Stored data entries
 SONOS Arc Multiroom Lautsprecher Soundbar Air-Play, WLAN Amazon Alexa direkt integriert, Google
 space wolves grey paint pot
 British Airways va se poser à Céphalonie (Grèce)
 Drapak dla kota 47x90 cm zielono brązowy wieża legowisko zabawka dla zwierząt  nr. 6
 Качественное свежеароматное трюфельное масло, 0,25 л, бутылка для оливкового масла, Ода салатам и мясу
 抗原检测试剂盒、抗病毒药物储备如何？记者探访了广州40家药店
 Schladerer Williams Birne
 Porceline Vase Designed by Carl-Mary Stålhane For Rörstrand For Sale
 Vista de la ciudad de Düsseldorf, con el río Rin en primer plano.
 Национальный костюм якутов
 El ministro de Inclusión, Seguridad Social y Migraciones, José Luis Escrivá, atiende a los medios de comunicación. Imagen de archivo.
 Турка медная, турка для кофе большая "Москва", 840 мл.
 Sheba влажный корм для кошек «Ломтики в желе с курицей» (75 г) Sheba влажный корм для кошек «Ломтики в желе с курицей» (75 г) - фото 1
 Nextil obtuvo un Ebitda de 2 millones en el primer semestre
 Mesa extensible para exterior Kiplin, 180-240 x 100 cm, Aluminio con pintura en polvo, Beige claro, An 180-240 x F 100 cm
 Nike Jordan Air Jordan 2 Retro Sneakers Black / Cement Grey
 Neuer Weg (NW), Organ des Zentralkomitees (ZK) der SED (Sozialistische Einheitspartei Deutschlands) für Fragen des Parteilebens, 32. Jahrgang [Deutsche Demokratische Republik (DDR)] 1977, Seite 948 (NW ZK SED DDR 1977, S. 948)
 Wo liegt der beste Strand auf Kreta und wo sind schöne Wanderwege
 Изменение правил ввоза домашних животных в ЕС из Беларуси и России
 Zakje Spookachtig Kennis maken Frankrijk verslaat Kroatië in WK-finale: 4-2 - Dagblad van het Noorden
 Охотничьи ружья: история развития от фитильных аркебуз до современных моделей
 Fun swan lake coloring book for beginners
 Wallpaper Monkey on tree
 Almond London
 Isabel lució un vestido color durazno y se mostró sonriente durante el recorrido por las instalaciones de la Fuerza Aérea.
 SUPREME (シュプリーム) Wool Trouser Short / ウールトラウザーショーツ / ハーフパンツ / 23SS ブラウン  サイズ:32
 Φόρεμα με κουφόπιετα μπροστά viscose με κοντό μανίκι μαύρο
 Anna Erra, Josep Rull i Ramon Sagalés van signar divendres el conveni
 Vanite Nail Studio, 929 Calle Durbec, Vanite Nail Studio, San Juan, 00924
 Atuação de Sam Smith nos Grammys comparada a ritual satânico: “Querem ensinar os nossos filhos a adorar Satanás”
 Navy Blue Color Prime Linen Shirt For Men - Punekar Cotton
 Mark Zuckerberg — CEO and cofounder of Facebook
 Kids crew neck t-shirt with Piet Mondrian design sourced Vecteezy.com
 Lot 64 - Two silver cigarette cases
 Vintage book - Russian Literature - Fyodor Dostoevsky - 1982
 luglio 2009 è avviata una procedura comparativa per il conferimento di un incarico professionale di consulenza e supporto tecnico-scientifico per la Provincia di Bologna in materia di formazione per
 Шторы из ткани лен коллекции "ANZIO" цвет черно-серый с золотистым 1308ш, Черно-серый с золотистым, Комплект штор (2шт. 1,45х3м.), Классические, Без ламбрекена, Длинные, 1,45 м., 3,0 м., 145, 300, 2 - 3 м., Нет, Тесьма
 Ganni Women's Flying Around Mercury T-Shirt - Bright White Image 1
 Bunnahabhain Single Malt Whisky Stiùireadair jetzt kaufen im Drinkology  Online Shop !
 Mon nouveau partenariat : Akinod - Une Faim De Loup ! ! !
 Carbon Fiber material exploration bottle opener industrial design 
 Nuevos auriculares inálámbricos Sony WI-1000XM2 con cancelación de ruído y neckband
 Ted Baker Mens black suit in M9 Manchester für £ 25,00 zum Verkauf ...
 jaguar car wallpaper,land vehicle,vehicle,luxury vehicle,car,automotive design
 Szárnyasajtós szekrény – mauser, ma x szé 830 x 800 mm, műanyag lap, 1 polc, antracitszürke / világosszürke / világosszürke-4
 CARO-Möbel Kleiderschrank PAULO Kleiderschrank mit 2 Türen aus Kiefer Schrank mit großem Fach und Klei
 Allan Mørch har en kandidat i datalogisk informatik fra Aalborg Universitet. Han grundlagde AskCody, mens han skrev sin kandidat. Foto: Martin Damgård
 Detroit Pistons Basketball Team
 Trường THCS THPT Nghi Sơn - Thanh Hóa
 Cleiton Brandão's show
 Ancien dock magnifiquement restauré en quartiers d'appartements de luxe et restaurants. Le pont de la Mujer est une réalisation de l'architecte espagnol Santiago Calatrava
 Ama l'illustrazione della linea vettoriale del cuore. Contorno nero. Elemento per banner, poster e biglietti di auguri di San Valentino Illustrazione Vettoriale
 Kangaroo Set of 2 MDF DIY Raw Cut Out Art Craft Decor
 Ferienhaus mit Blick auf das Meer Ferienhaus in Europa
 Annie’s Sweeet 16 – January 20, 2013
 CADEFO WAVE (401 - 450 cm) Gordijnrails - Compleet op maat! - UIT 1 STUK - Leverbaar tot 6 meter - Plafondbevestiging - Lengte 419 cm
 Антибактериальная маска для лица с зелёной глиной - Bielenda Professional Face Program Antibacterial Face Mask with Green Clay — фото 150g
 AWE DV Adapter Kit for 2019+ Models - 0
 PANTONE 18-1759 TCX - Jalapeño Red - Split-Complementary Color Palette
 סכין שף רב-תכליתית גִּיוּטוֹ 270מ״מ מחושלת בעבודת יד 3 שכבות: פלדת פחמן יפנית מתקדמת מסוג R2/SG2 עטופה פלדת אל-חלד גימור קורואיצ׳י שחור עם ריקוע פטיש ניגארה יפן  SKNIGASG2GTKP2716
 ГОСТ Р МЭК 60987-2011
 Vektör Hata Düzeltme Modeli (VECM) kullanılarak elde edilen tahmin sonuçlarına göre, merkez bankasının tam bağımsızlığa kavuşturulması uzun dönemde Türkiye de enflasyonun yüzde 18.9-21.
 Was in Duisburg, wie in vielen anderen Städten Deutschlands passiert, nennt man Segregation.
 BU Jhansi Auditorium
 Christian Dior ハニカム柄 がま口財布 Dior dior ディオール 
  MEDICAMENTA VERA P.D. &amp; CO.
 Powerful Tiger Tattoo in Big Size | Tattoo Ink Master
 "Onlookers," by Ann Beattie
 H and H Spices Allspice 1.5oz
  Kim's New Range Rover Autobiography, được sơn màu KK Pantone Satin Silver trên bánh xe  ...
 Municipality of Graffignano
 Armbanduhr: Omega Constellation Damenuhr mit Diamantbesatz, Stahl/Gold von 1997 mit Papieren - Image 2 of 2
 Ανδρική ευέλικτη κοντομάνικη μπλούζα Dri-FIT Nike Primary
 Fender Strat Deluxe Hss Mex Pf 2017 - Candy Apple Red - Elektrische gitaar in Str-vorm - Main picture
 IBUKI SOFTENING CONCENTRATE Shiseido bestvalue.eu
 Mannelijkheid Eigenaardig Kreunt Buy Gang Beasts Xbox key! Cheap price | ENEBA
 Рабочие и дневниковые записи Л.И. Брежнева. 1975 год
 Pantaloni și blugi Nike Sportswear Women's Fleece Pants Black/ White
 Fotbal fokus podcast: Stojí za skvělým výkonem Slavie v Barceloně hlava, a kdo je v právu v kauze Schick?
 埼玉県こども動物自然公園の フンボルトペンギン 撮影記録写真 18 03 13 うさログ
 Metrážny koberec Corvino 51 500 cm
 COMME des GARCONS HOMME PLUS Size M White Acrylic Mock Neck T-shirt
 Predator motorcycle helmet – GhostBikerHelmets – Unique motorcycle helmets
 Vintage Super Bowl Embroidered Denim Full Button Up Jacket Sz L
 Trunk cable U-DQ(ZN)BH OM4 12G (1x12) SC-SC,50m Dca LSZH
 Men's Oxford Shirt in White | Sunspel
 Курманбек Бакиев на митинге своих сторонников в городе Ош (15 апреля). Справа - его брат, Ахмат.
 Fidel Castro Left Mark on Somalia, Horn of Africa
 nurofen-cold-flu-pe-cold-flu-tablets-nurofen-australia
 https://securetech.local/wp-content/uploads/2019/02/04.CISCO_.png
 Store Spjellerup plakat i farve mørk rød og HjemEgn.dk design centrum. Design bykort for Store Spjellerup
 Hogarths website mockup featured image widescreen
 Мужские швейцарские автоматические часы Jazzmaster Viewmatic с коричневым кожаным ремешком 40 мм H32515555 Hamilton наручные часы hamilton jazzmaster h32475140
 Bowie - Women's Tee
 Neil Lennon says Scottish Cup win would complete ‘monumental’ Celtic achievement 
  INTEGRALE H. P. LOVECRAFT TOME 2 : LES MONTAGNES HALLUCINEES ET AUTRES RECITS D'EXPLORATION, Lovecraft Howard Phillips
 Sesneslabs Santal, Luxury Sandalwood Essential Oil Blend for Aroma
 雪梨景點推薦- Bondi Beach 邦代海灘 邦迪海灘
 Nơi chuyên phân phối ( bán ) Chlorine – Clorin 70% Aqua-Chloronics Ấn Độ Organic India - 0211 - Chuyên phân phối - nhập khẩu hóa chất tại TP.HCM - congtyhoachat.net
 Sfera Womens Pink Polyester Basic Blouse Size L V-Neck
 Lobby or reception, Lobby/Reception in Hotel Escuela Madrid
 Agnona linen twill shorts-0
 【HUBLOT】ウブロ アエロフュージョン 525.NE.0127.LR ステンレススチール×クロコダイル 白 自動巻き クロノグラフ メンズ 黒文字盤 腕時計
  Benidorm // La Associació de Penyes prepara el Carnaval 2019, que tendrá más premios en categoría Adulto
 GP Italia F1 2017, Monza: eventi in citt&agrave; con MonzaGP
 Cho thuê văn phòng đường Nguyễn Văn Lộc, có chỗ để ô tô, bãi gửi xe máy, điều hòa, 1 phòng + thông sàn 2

Exercise description
Return, word for word, the lines of the data above from the line with "雪梨景點推薦- Bondi Beach 邦代海灘 邦迪海灘" through the line with "メンズ 黒文字盤 腕時計", inclusive.

Your solution
 雪梨景點推薦- Bondi Beach 邦代海灘 邦迪海灘
 Nơi chuyên phân phối ( bán ) Chlorine – Clorin 70% Aqua-Chloronics Ấn Độ Organic India - 0211 - Chuyên phân phối - nhập khẩu hóa chất tại TP.HCM - congtyhoachat.net
 Sfera Womens Pink Polyester Basic Blouse Size L V-Neck
 Lobby or reception, Lobby/Reception in Hotel Escuela Madrid
 Agnona linen twill shorts-0
 【HUBLOT】ウブロ アエロフュージョン 525.NE.0127.LR ステンレススチール×クロコダイル 白 自動巻き クロノグラフ メンズ 黒文字盤 腕時計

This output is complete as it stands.